W oświadczeniu Open Society podkreśliła, że decyzja została podjęta w momencie przygotowywania przez węgierski rząd kolejnego pakietu ustaw, które mają uderzyć w organizacje pozarządowe. Przypomniano też, że urzędnicy Orbana wprost określają nowe przepisy jako "Stop Soros".
Fundacja - urodzonego w Budapeszcie Sorosa - zaznaczyła, że biuro organizacji zostanie przeniesione do Berlina, a węgierski trzeci sektor nie pozostanie bez pomocy.
Open Society działała na Węgrzech od 34 lat. W budapeszteńskim biurze pracowało ok. 100 osób, w tym 60 Węgrów. Zajmowali się wspieraniem organizacji pozarządowych nie tylko na Węgrzech, ale także w innych krajach Europy Środkowej i Wschodniej.
"Zamach na prawa człowieka"
Kampania węgierskich władz przeciwko Sorosowi trwa od kilku lat, a głównym zarzutem jest działanie na rzecz sprowadzenia do Europy milionów migrantów. Hasła te partia Fidesz wykorzystała po raz kolejny podczas kampanii przed kwietniowymi wyborami. Partia Orbana wygrała je i po raz trzeci rządzi krajem.

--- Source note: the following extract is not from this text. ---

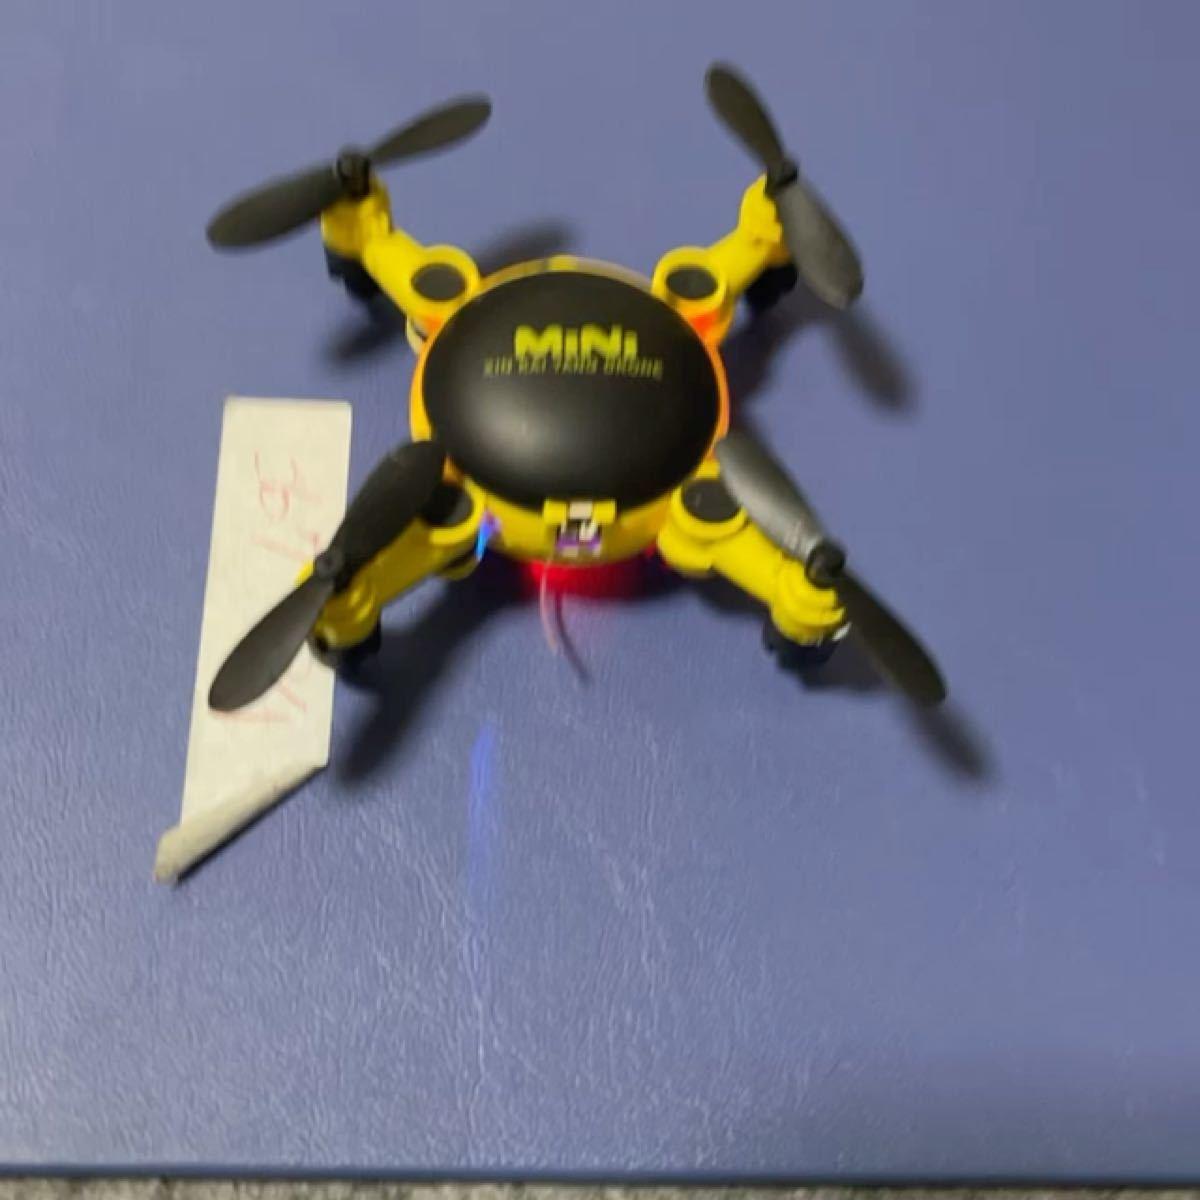 Mini drone ドローンミニカメラ

Pakiet ustaw skierowanych przeciwko organizacjom pozarządowym, które pomagają migrantom, ma zostać przyjęty jeszcze w maju. Nowe prawo zakłada m.in. wydawanie zezwoleń na taką działalność przez resort spraw wewnętrznych po analizie względów bezpieczeństwa dla państwa. Plany rządu Orbana skrytykowała Organizacja Narodów Zjednoczonych, nazywając ustawy "zamachem na prawa człowieka" i wolność stowarzyszania się obywateli.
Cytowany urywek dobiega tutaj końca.